In fact, during Adi Sankara's travels from Kerala to the four corners of India, he had various debates with sages of other schools of philosophy. Adi Shankara, who hails from the School of Non-Dualism (Advaitha Vedantha), liked to engage in intellectual discourses wherever he went. In one such travel, he had the privilege of debating with Vandana Mishra, a proponent of the ritualistic part of Veda (Purva Mimamsa School of Hindu Philosophy, and his wife, Ubhaya Bharathi in Mahismati, Bihar or maybe Madhya Pradesh.
They had protracted month-long discussions about the superiority of knowledge over rituals in gaining an understanding of life. Shankara also believed that to understand life and attain liberation, one must be celibate, whereas Mandana and Ubhaya felt householder duties (i.e. conjugal obligations) needed to be also performed. Rituals can bring forth bliss.
Ubhaya was the Sankara's choice of the umpire in their debates. When her husband was defeated, she continued debating. Even though she started asking about sensual pleasure sensations and emotional intimacies, the brahmachari still managed to reply via his yogic powers. Both Mandana and Ubhaya became Shankara's followers.

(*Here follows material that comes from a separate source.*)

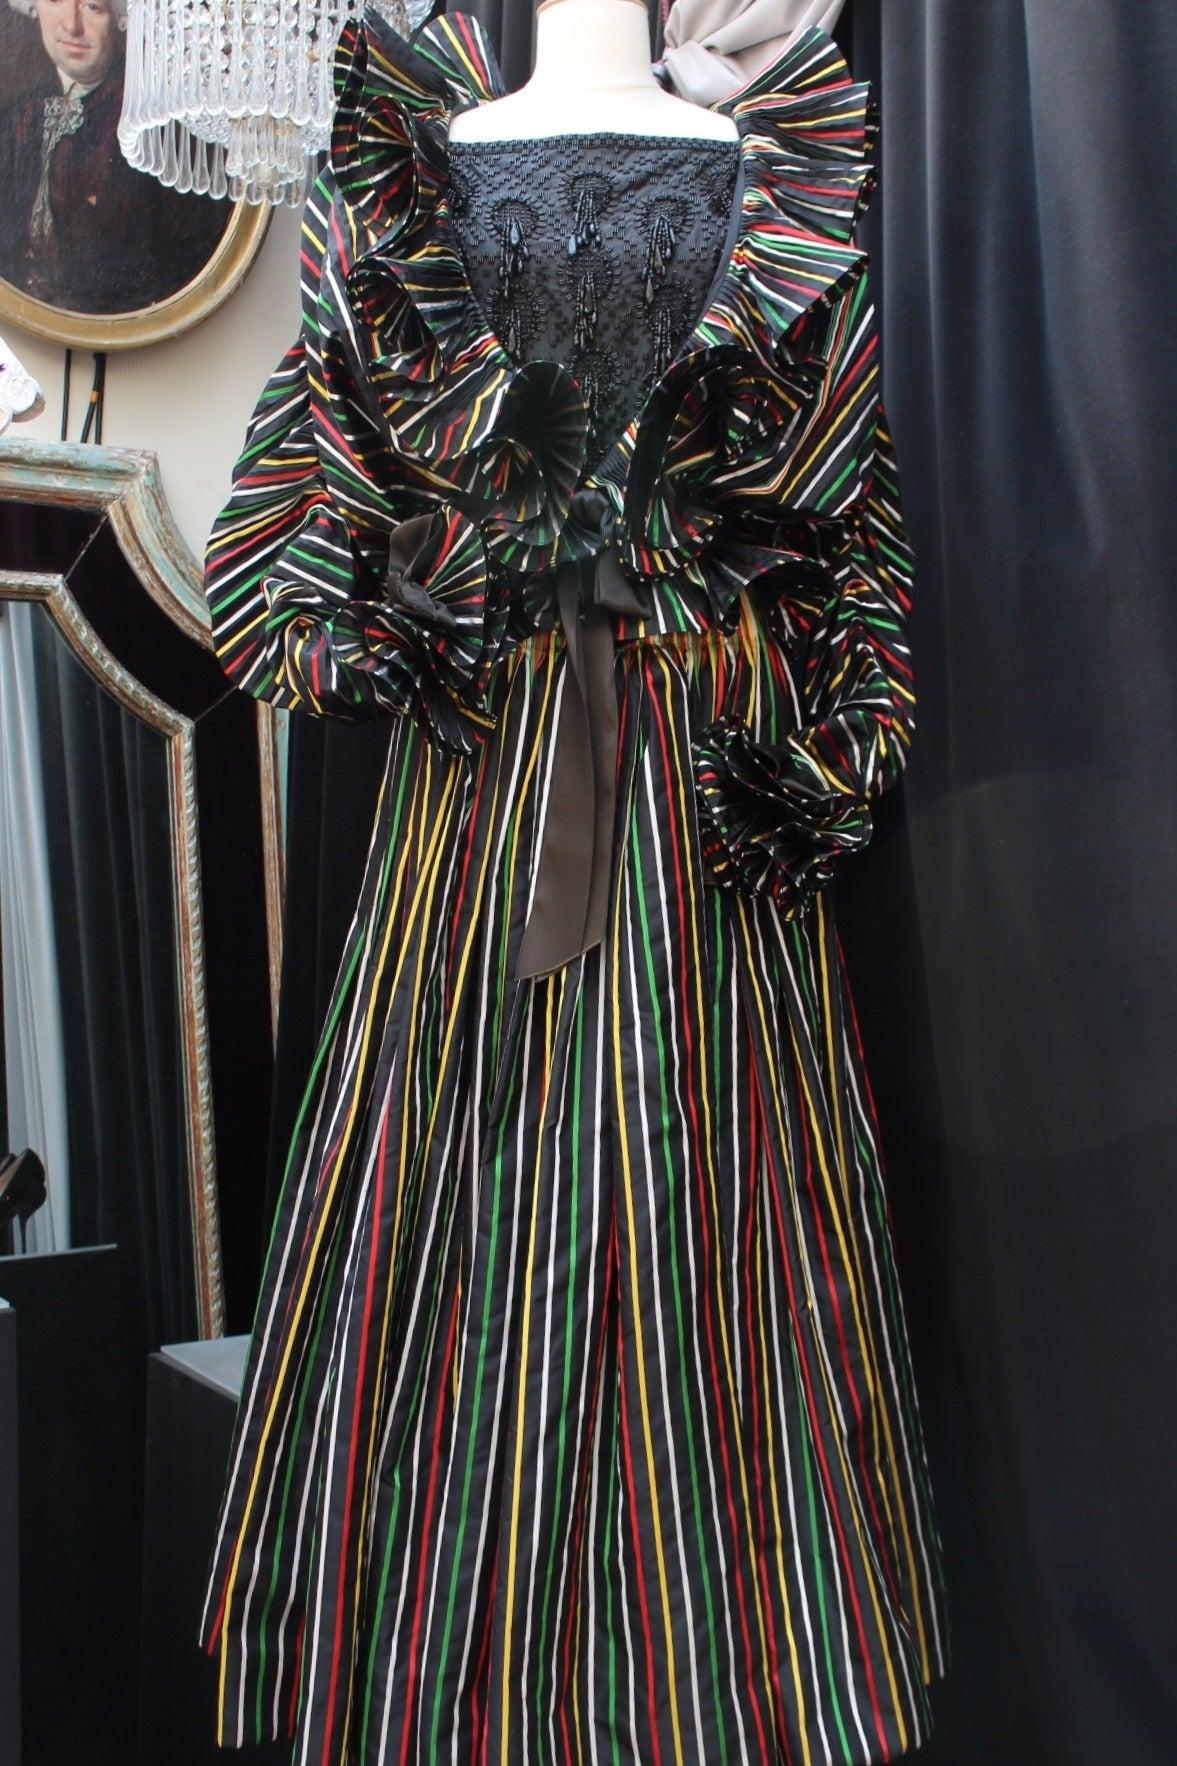 1980er Jahre Nina Ricci Haute Couture Gestreiftes Schwarzes und Buntes Abend Ensemble 2

It was agreed not everyone can attain moksha by leading a hermit's life. It only works for some. The others have to go through the whole gamut of trappings of life, its up and down, and to set motion the circle of life.
See around us. Some sacrifice certain pleasures to achieve other ambitions. As Peter's Principle dictates, we can scale only as high as our incompetence. We should know our limits. We cannot eat the cake and still enjoy staring at it.